Varo was a well-known figure in the Mexican Surrealist movement and her texts, translated into English for the first time, exhibit a whimsical, Surrealist sensibility. Letters, Dreams & Other Writings includes an unpublished interview that reveals an artist who sometimes writes “as if I were making a sketch,” as well as recipes for magical brews, notes on her paintings, imaginary experiments, letters to strangers or people Varo has created, and a pseudo-scientific monograph tracking the origin of the human species right down to rats, among other texts. This is a collection that might help unravel the biographical rationale behind her paintings — or not.
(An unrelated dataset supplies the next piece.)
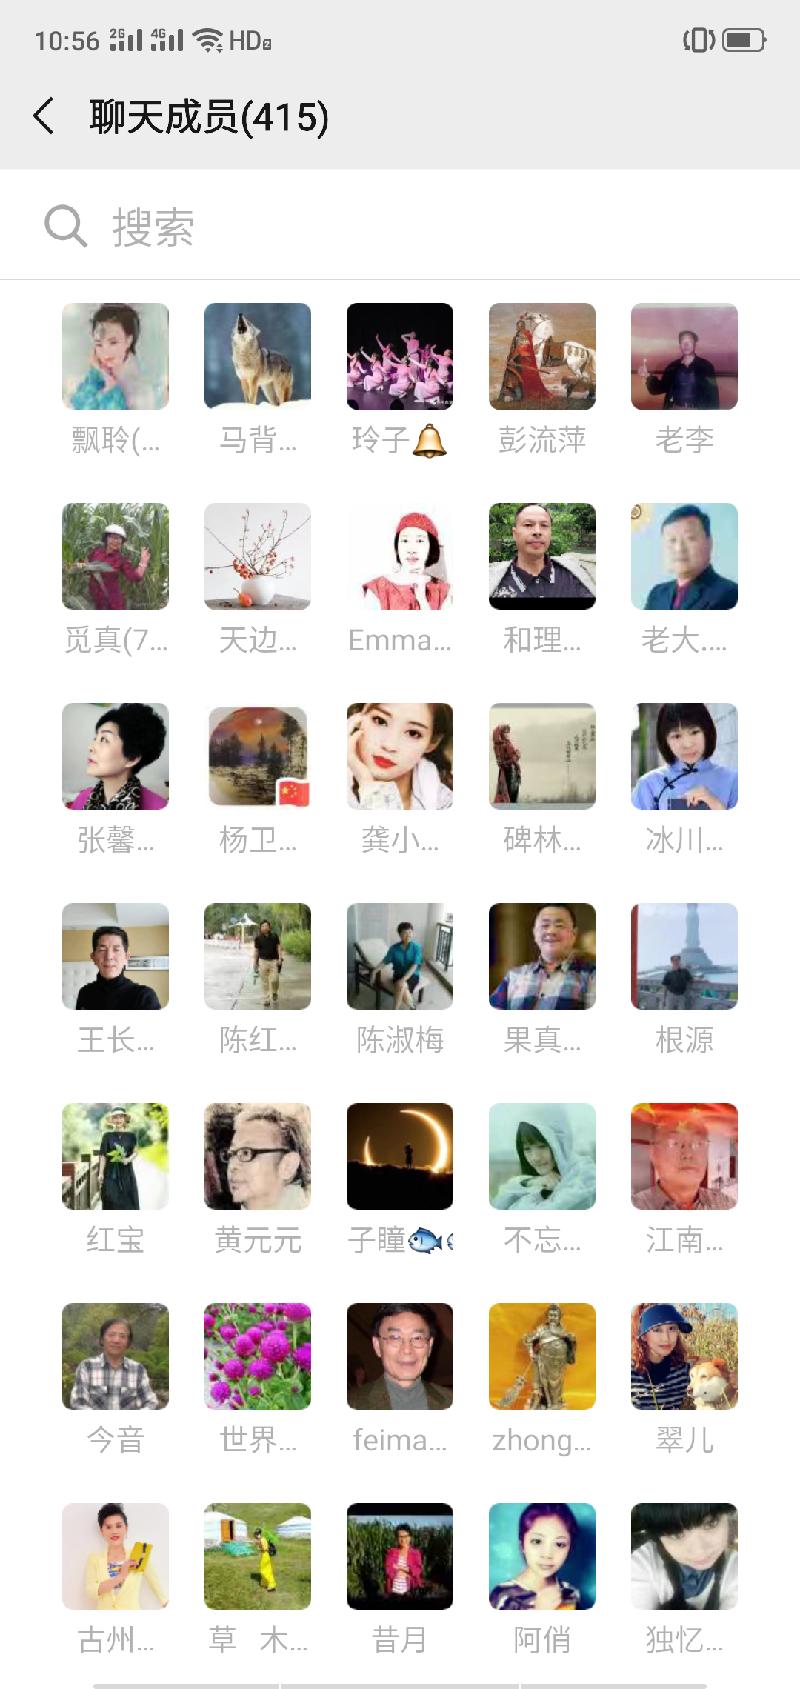 Screenshot_2020-01-15-10-56-47-65

Like her equally prominent Surrealist friend, Leonora Carrington, Varo had little patience with or interest in well-established rules. For this self-proclaimed Sunday painter, the matters of the universe have only two identifiable tendencies: to harden and to soften. These tendencies draw the line between organic and inorganic matter, the former being, in Varo’s view, the more ambitious. Against such prevailing dispositions, spirits “in the habit of spitting” populate her texts, mirroring the androgynous alter egos in her paintings. She constructs these spirits in language with the same affection and attention to uncanny details that make her visual work so stunning and hard to pin down.
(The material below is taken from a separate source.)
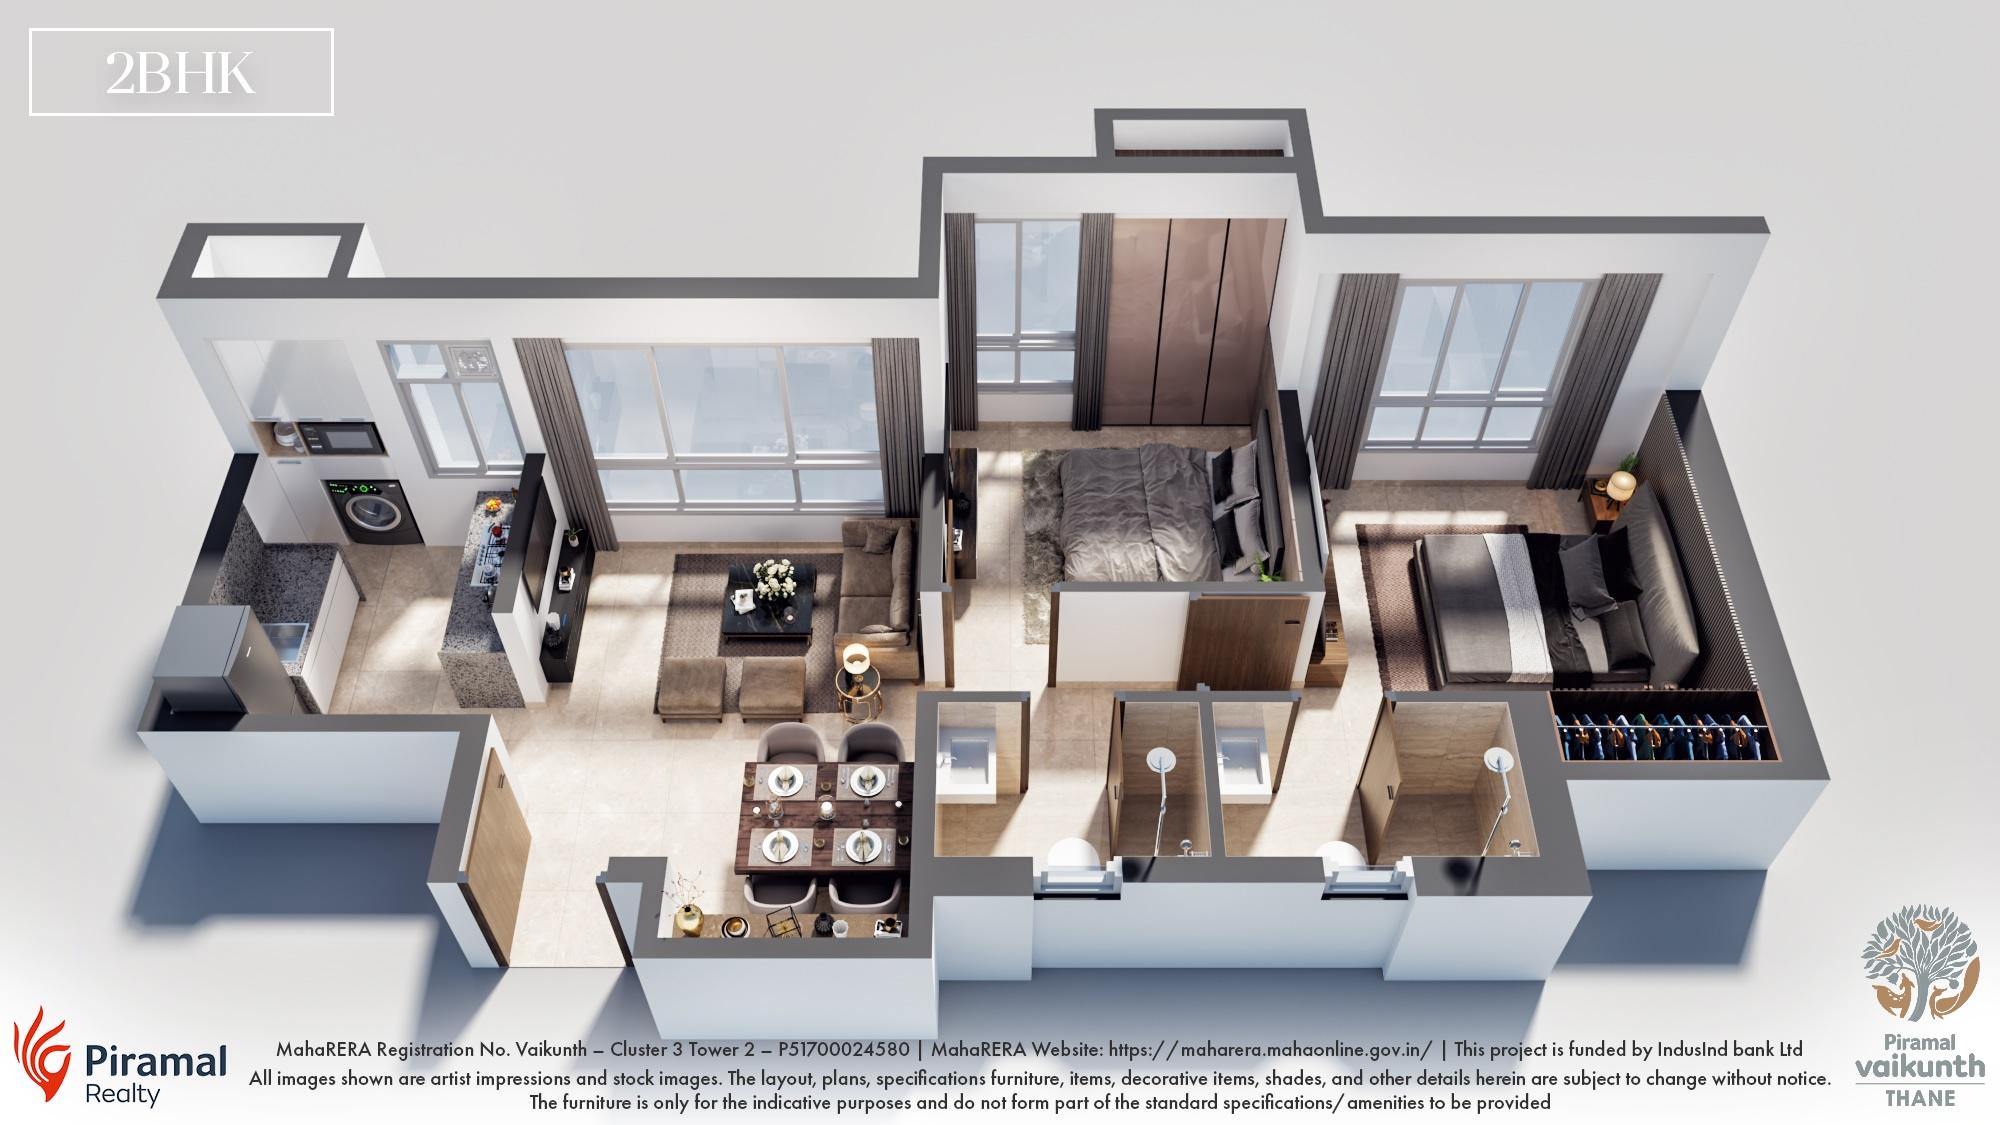 piramal vaikunth a class homes series 2 apartment 2bhk 501sqft61

Varo’s writings and paintings express her appetite for realities that proudly escape constraints while. She rewrote histories and myths to accommodate a desire for an unattainable freedom and for conjuring science and magic. Hers is a written universe of climbing, self-clinging ideas that manifest as the plants and animals accompanying the solitary female alchemist (a recurring theme in Varo’s oeuvre), on the lookout for higher understandings of the metaphysical. Disobedient Plant (Planta insumisa), one of the many entries in Varo’s preserved manuscript, demonstrates her refusal of conventional notions of people by blurring the distinction between the human and everything else:

This scientist is experimenting with various plants and vegetables. He’s puzzled because there’s a rebellious plant. All the plants are already sending out tendrils in the shape of figures and formulas, except for one that insists on producing a flower, and the only mathematical tendril it sent out at first, and which falls on the table, was very frail and withered and, moreover, wrong, since it says “Two and two are almost four.” Every hair of the scientist is a mathematical formula.
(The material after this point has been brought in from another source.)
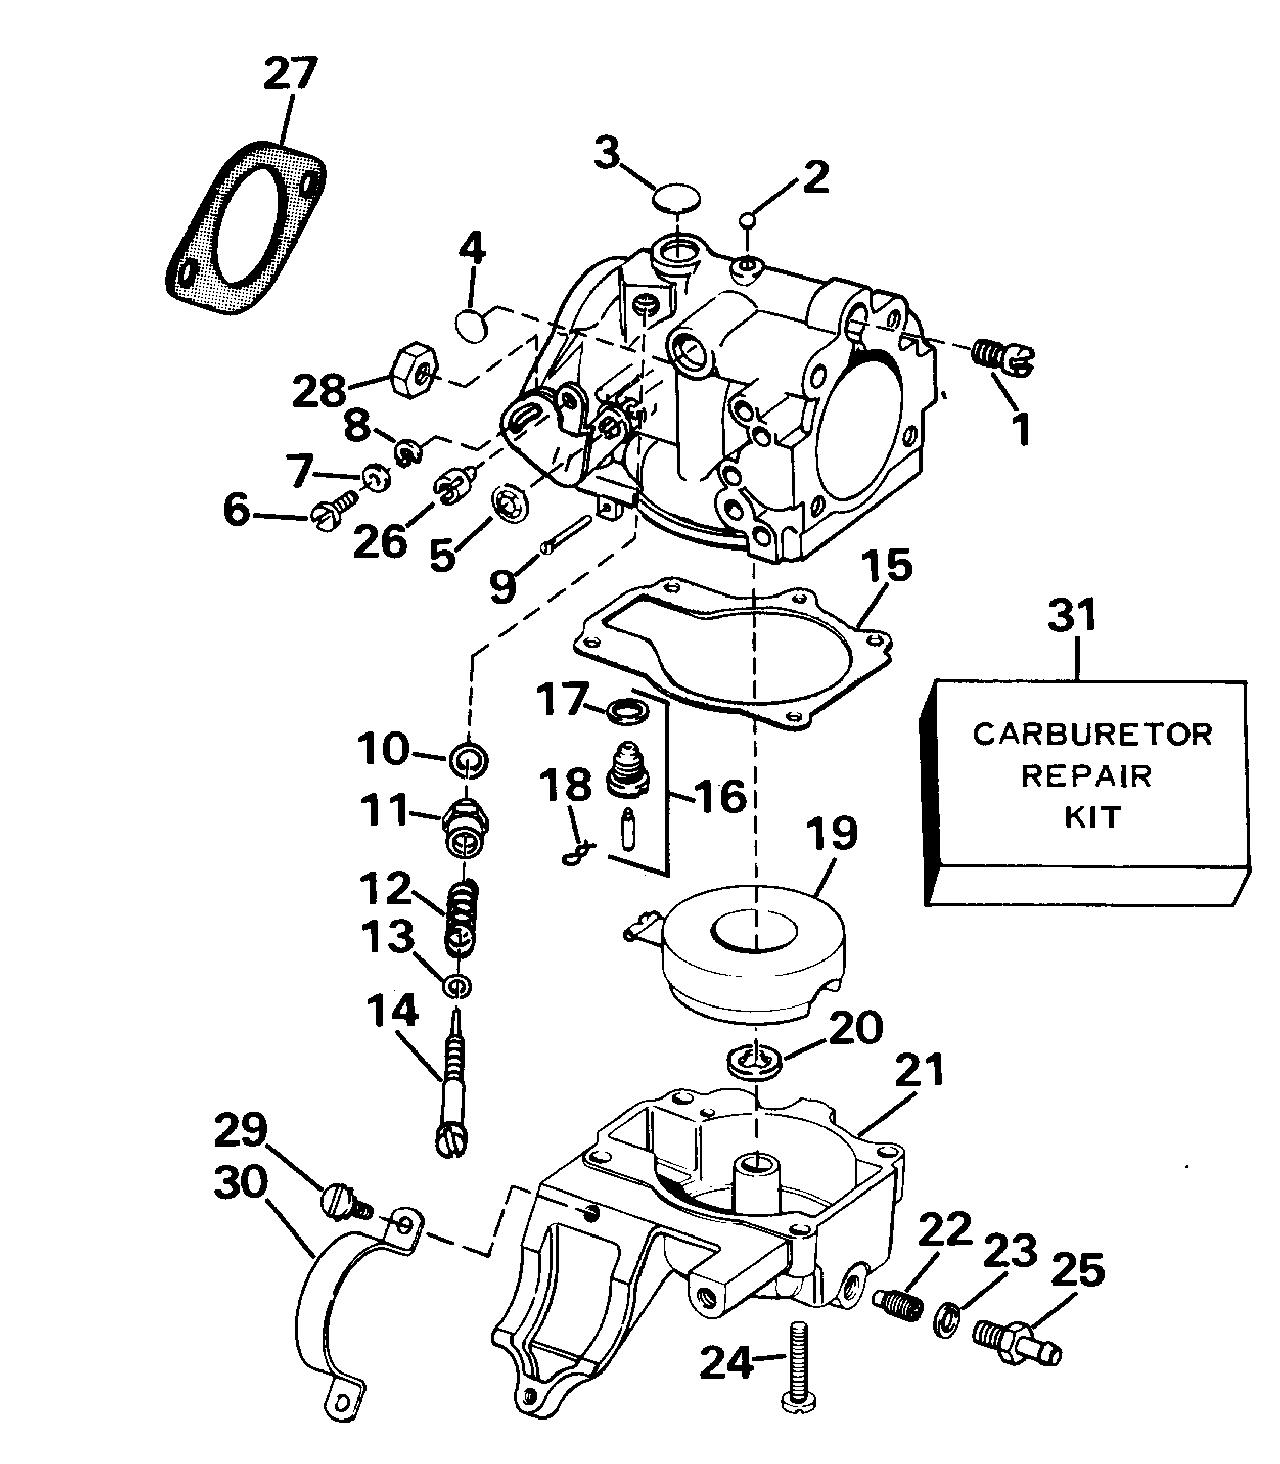 1989 johnson 40hp tjelcec manual

Humorous and experimental, Letters, Dreams & Other Writings is a book that seems to enjoy itself just as Varo must have enjoyed herself while writing the texts, many of which seem inspired by the Surrealist technique of automatic writing. Yet, it would be wrong to assume that these light-hearted, unassuming texts are only formal experiments in thought and language or to reduce them to biographical sketches. Varo regarded the telephone as “an inhibitive apparatus, too cold for communication. But writing letters to one another is different.” Recording dreams and epiphanies, as well as the Surrealist dialogues that question common logic was fundamental to her practice. We can take pleasure in Varo’s intimate musings, but we should also acknowledge the writings as creative works that are as significant and intoxicating as her visual art.

Letters, Dreams & Other Writings by Remedios Varo, translated by Margaret Carson (2018) is published by Wakefield Press and is available from Amazon and other online retailers.